Using the listing below, set down exactly the lines starting at the line that contains "The Secret Soap" and ending at the line that contains "Handdoeken Katoen - Litalente", both included, and no others.

_Recorded data_.
======

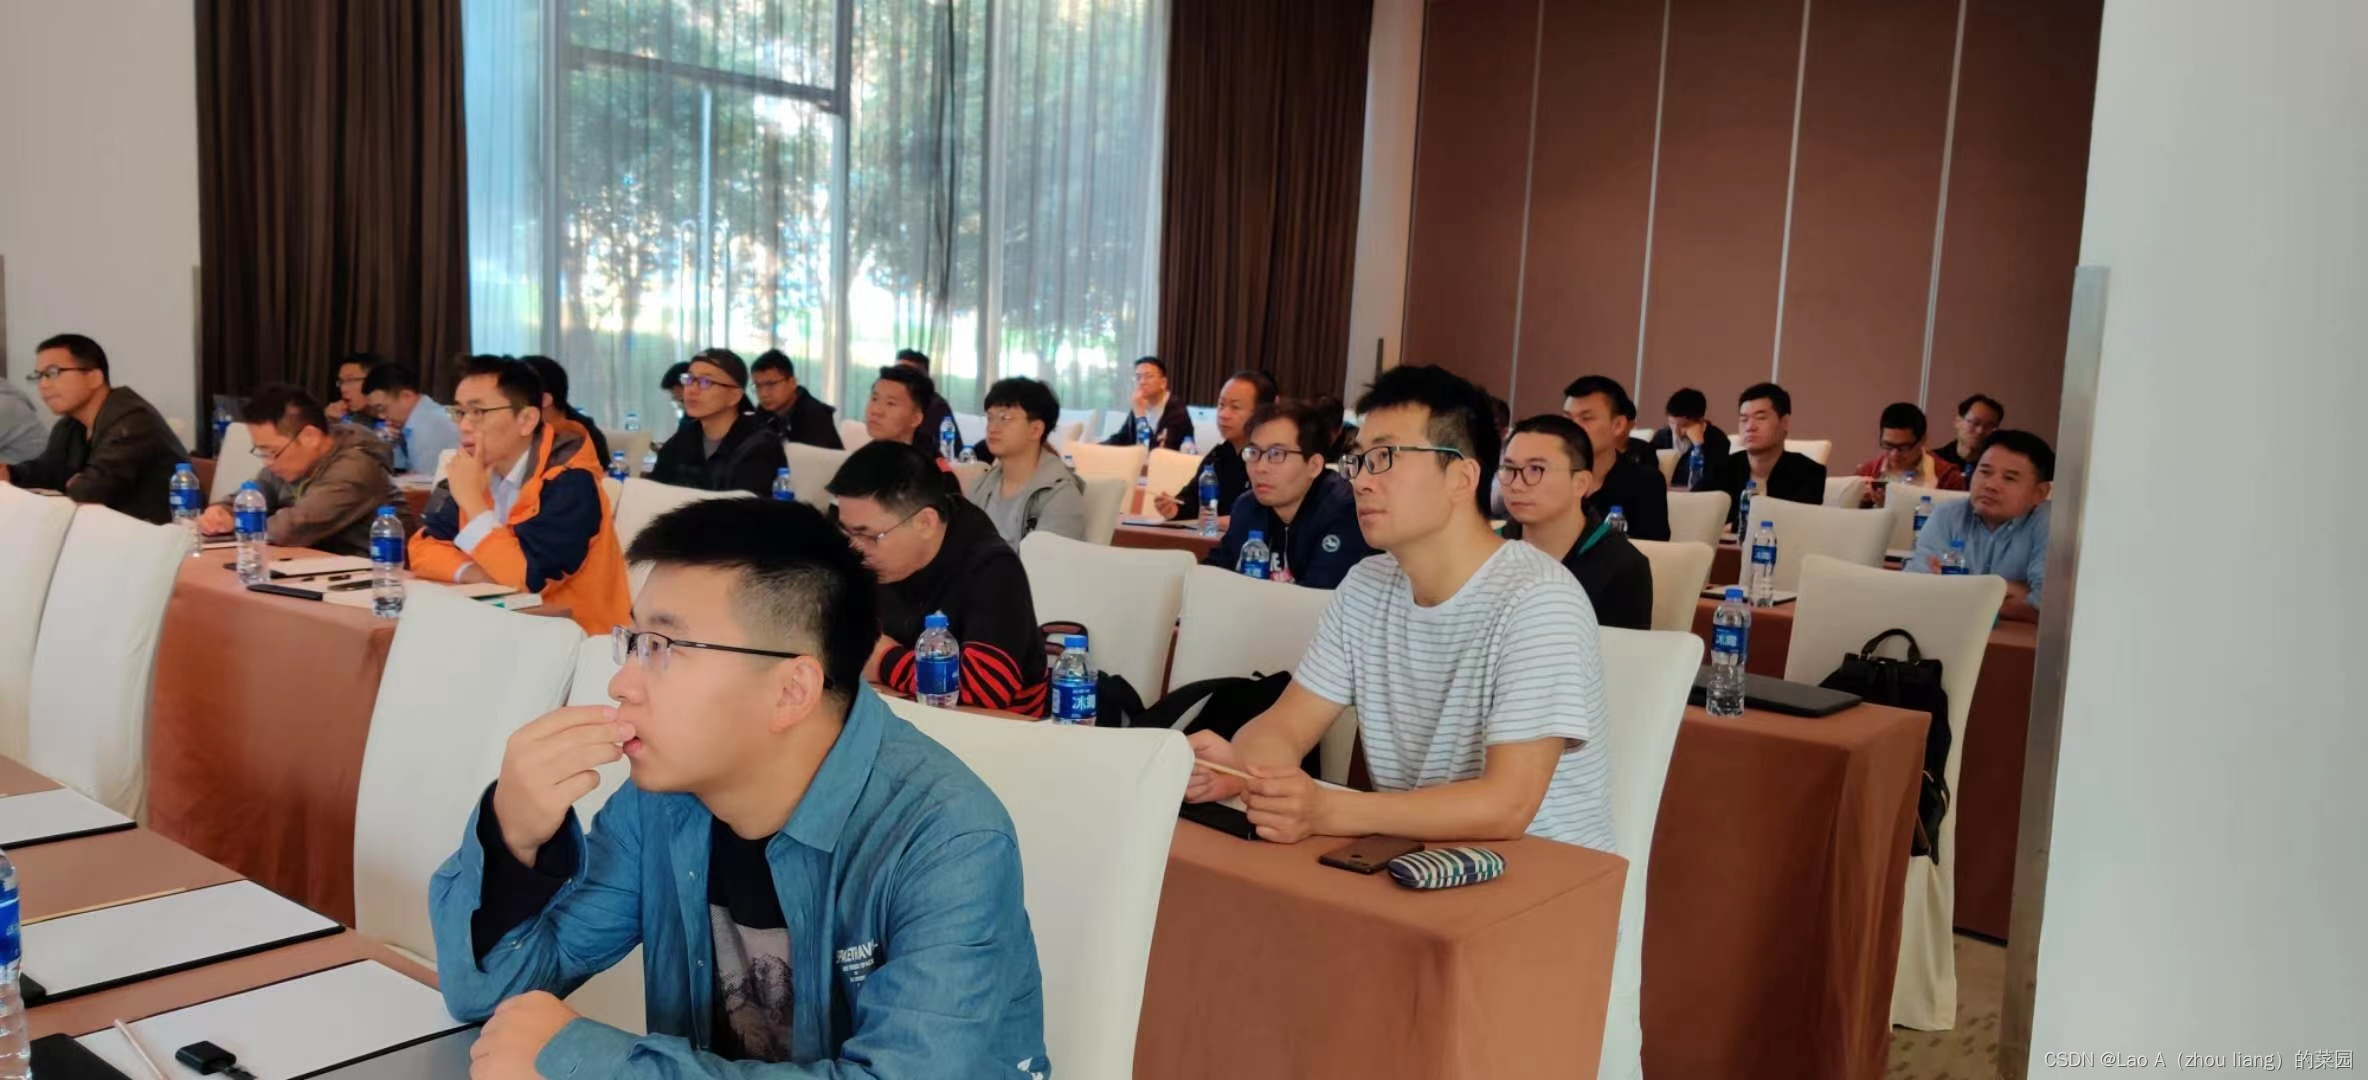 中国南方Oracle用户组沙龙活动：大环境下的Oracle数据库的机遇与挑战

======

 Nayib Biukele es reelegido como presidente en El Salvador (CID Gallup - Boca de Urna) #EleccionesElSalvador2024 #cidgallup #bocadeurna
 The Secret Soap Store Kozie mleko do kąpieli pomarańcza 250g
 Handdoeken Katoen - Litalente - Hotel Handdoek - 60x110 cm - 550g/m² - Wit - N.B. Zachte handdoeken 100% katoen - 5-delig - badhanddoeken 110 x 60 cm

======

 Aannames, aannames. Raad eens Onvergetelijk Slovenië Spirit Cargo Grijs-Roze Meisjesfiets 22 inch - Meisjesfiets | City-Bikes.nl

======

_Output of the task_.
 The Secret Soap Store Kozie mleko do kąpieli pomarańcza 250g
 Handdoeken Katoen - Litalente - Hotel Handdoek - 60x110 cm - 550g/m² - Wit - N.B. Zachte handdoeken 100% katoen - 5-delig - badhanddoeken 110 x 60 cm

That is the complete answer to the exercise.